Le président du patronat, Mohamed Zein El Abidine Ould Cheikh Ahmed, a salué la coopération croissante entre public et privé. Il a rappelé les efforts du secteur privé dans la formation et l’emploi, évoquant des partenariats stratégiques avec l’État. Là encore, le discours est bien rodé, mais sur le terrain, de nombreuses entreprises peinent encore à s’engager pleinement dans la formation de jeunes sans expérience, privilégiant souvent la sous-traitance ou les recrutements temporaires à bas coût.
Quant à l’appel à « valoriser les métiers manuels » et à « changer les mentalités des jeunes », il revient comme une rengaine. Mais peut-on vraiment leur demander d’embrasser des métiers « dévalorisés » sans garantir un salaire digne, une protection sociale minimale et une perspective d’évolution professionnelle ?
Formation professionnelle : la vraie promesse à concrétiser
Le ministre de la Formation professionnelle, Mohamed Melainine Ould Eyih, a lui aussi livré un bilan flatteur de la première mandature présidentielle : triplement des places dans les centres de formation, plus de 50 000 jeunes formés, et un objectif de 115 000 formés d’ici 2030. Mais là encore, rien n’a été dit sur les débouchés réels de ces formations, ni sur leur adéquation avec les besoins locaux et régionaux.

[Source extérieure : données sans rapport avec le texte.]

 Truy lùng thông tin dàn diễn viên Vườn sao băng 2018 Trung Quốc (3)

Former pour former est devenu une habitude. Ce qui manque cruellement, ce sont les mécanismes de suivi post-formation, les partenariats engageants avec des entreprises, et surtout une orientation claire vers les filières d’avenir (numérique, énergies renouvelables, agriculture modernisée).
Ce quatrième salon national de l’emploi se veut être une plateforme de dialogue. Mais il risque fort, comme les éditions précédentes, de s’enliser dans un bavardage technocratique, sans remise en cause structurelle du système.

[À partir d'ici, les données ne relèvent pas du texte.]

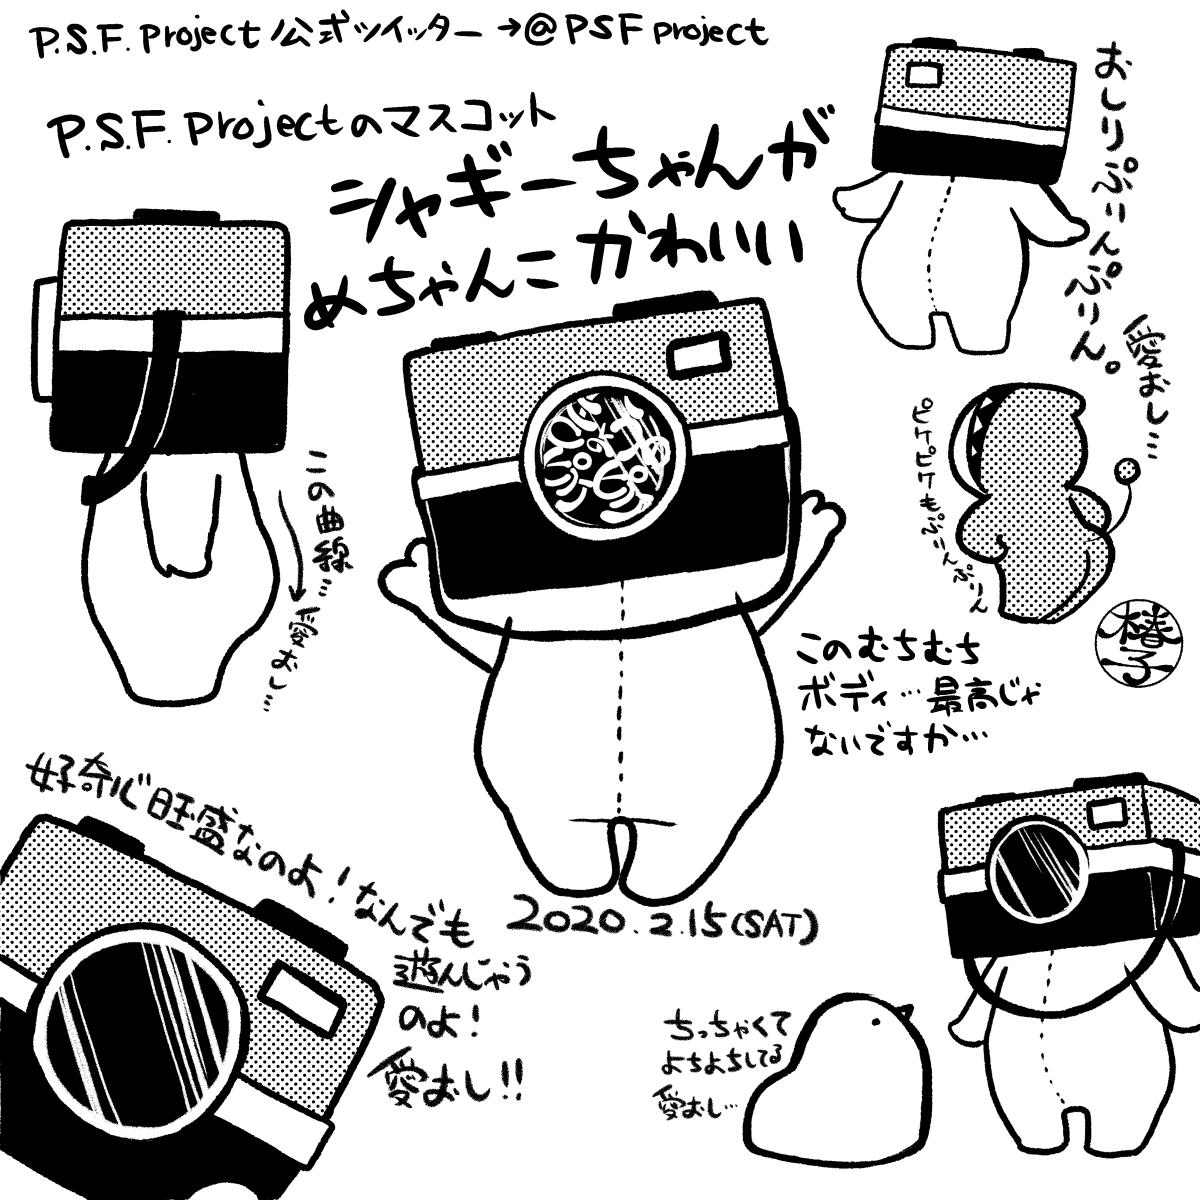 P.S.F Project シャギーちゃん

Les jeunes Mauritaniens attendent des résultats, pas des chiffres. Ils attendent des perspectives, pas des salons. Ce n’est pas une photo avec un badge autour du cou qui crée un emploi, mais une politique cohérente, honnête, et suivie dans le temps.
Tant que l’on continuera à célébrer l’apparence d’une solution sans oser affronter les vraies causes du chômage et de l’exclusion — inégalités sociales, faible attractivité des secteurs productifs, échec du système éducatif, inertie de l’administration — la jeunesse continuera d’applaudir… de loin.
Cette cérémonie de plus n’est qu’un écran de fumée. Derrière, le chômage des jeunes reste massif, structurel, et ignoré. La mise en scène continue. Le changement, lui, attend toujours.